Donald Trump lost in court again, but as usual, he’s delaying his way into something like a win. A federal judge ruled Tuesday that the Treasury Department could disclose Trump's tax returns to Congress. But District Judge Trevor McFadden, a Trump appointee, put his ruling on hold for 14 days while Trump appeals. And assuming Trump loses that appeal, he’ll likely appeal to the Supreme Court, all with a goal of dragging out the process until the possibility of a Republican-controlled Congress in January 2023.
Trump is losing regularly and decisively, though, with another recent loss on his claim of executive privilege to block the Jan. 6 select committee from getting his documents. In his efforts to keep his tax returns from the House Ways and Means Committee, he was “wrong on the law,” McFadden wrote, as a “long line of Supreme Court cases requires great deference to facially valid congressional inquiries.”
Rep. Richard Neal, the committee chair, said that “this ruling is no surprise, the law is clearly on the Committee's side. I am pleased that we're now one step closer to being able to conduct more thorough oversight of the IRS's mandatory presidential audit program.”
Trump also faces legal concerns that a change in the control of Congress won’t make go away. State and local prosecutors in New York continue looking at his longtime business practices there, which his former personal attorney, Michael Cohen, has alleged are fraudulent. Prosecutors in the Manhattan district attorney’s office are looking at financial documents in which Trump characterized the value of his real estate business to potential lenders, The New York Times reports, with a key question being whether Trump exaggerated his assets to the point of fraud.
In a cover letter attached to the documents in 2011 and 2012, Trump’s accountants wrote, “Donald J. Trump is responsible for the preparation and fair presentation of the financial statement in accordance with accounting principles generally accepted in the United States of America.” The accountants also wrote that, in putting together the document, they had “become aware of departures from accounting principles generally accepted in the United States of America.” So a question is whether Trump’s own accountants’ discomfort with his falsehoods will save him from fraud charges now, since potential lenders had been warned that the documents weren’t entirely reliable.

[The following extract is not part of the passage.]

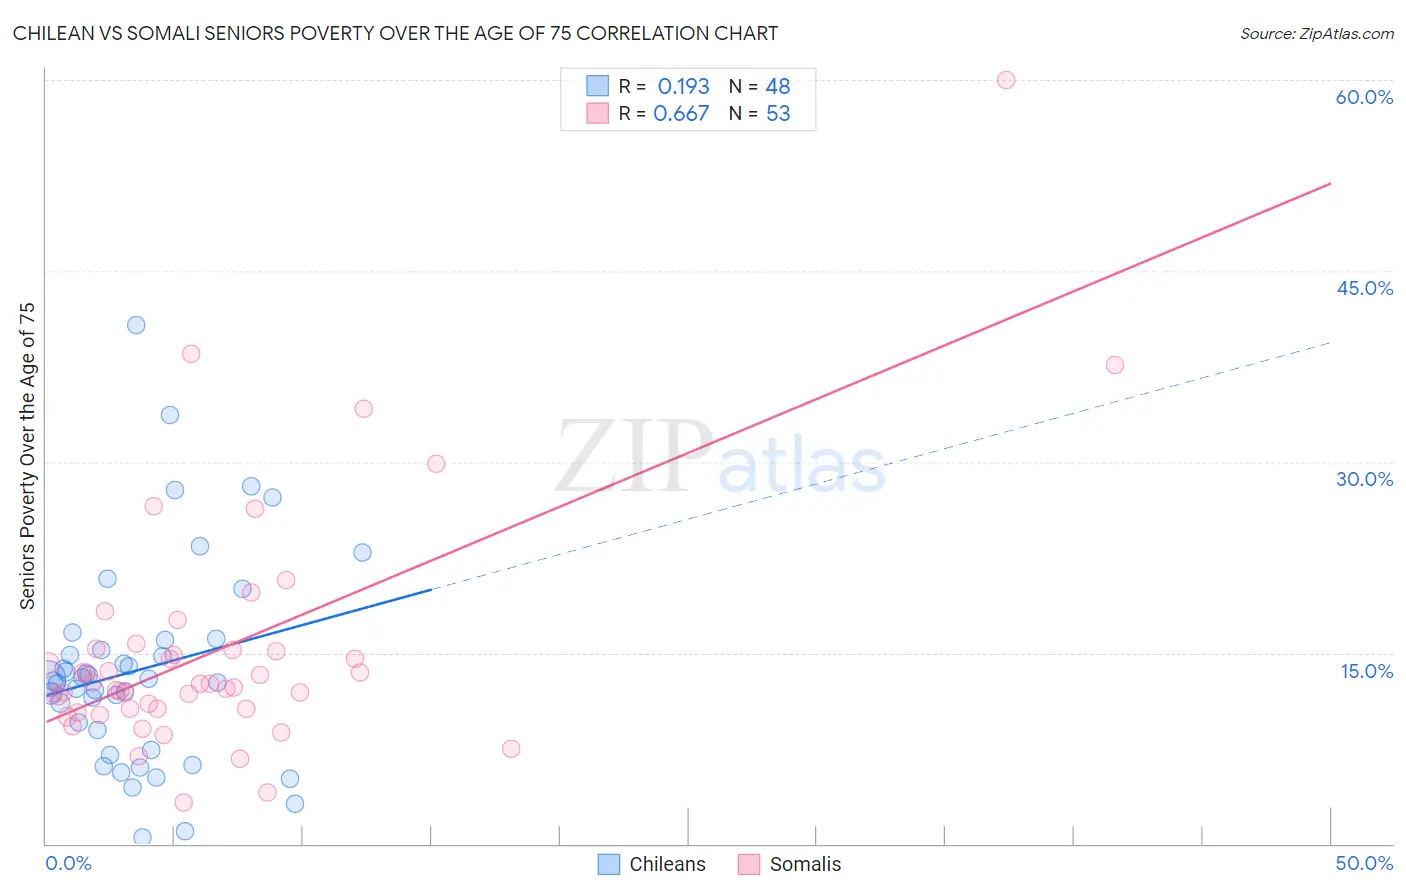 Chilean vs Somali Seniors Poverty Over the Age of 75

Trump is exceedingly unlikely ever to go to prison. His supporters are likely to continue being fanatically loyal to him no matter what gets revealed in these investigations. The Republican Party remains deferential to him. Donald Trump, in other words, probably won’t face any kind of real justice. But as long as there’s a chance of even a little accountability, it’s worth it for investigators and prosecutors to keep looking into his business and tax payment practices. And it is heartening to watch him lose and lose again, including at the hands of his own judicial appointees.